The grapes to produce the Grillo “SurSur” Donnafugata, were gently pressed upon arrival at the winery and the must was fermented in stainless-steel tanks at a temperature of 14-16°C. After fermentation the wine was aged for two months in tank and then for a minimum of three months in bottle before release.
“SurSur” is made from Grillo grapes planted on the Contessa Entellina estate and neighbouring areas. Vines are planted at 200-600 metres above sea level, with approximately 4,500-6,000 vines per hectare. The vines are trained using vertical shoot positioning and pruning is cordon spur, leaving 6-10 buds per vine. Soils are mainly clay loam with a limestone content of 20-35%.

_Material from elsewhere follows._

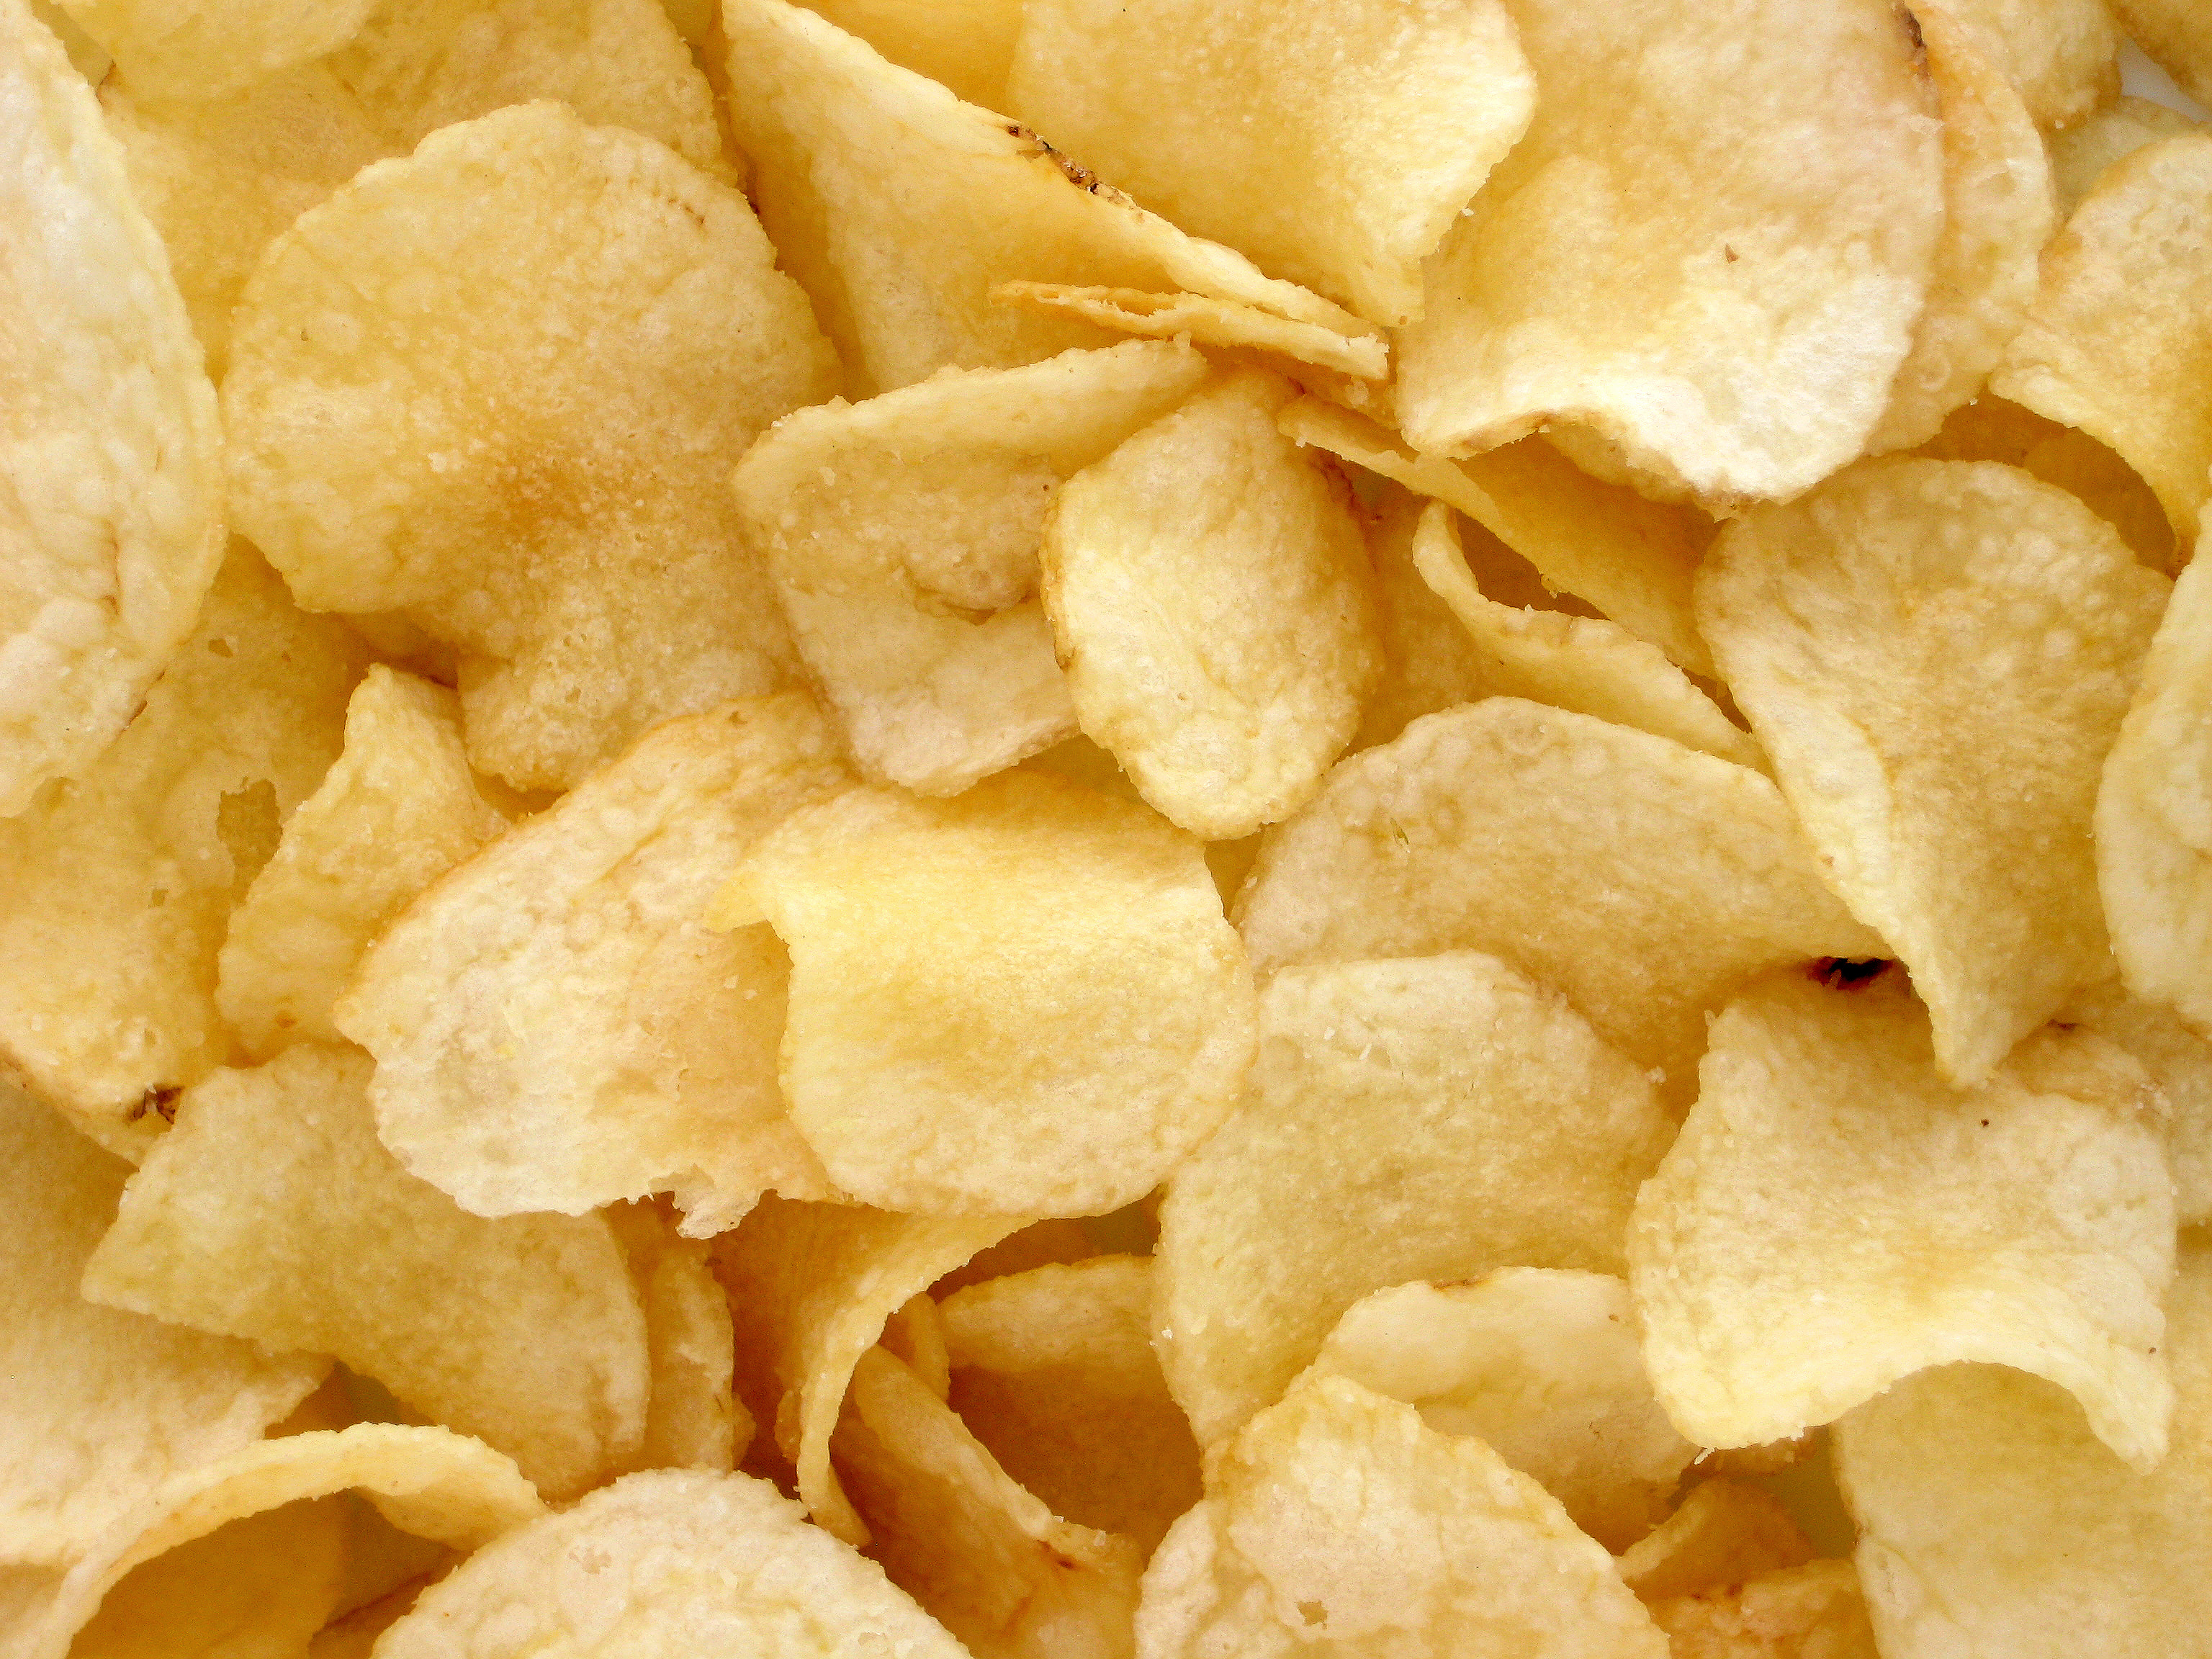 Afbeeldingsresultaat voor potato chips

The Rallo family is the Donnafugata Estate owners and has made wine in Marsala since 1851. Their ancient cellars tunnel are situated beneath the city. They were one of the first families to begin making high quality table wine when sales of traditional Marsala started to decline, launching the Donnafugata label in 1983 and championing the potential of the region’s native varieties. Today, Donnafugata has four estates in Sicily: a modern winery and 283 hectares at Contessa Entellina in the hills east of Marsala; 36 hectares in Vittoria to the south eastern point of the island; 68 hectares on the island of Pantelleria; and 18 hectares on the slopes of Etna. Donnafugata means ‘fleeing woman’ and is a reference to Queen Maria Carolina, who escaped the court of Naples in the early 19th century with her husband, Ferdinand IV of Bourbon, when Napoleon’s troops arrived. The couple took refuge in Sicily at the Santa Margherita Belice palace, also the favourite residence of celebrated writer Giuseppe Tomasi di Lampedusa and depicted on the ‘Mille e una Notte’ label.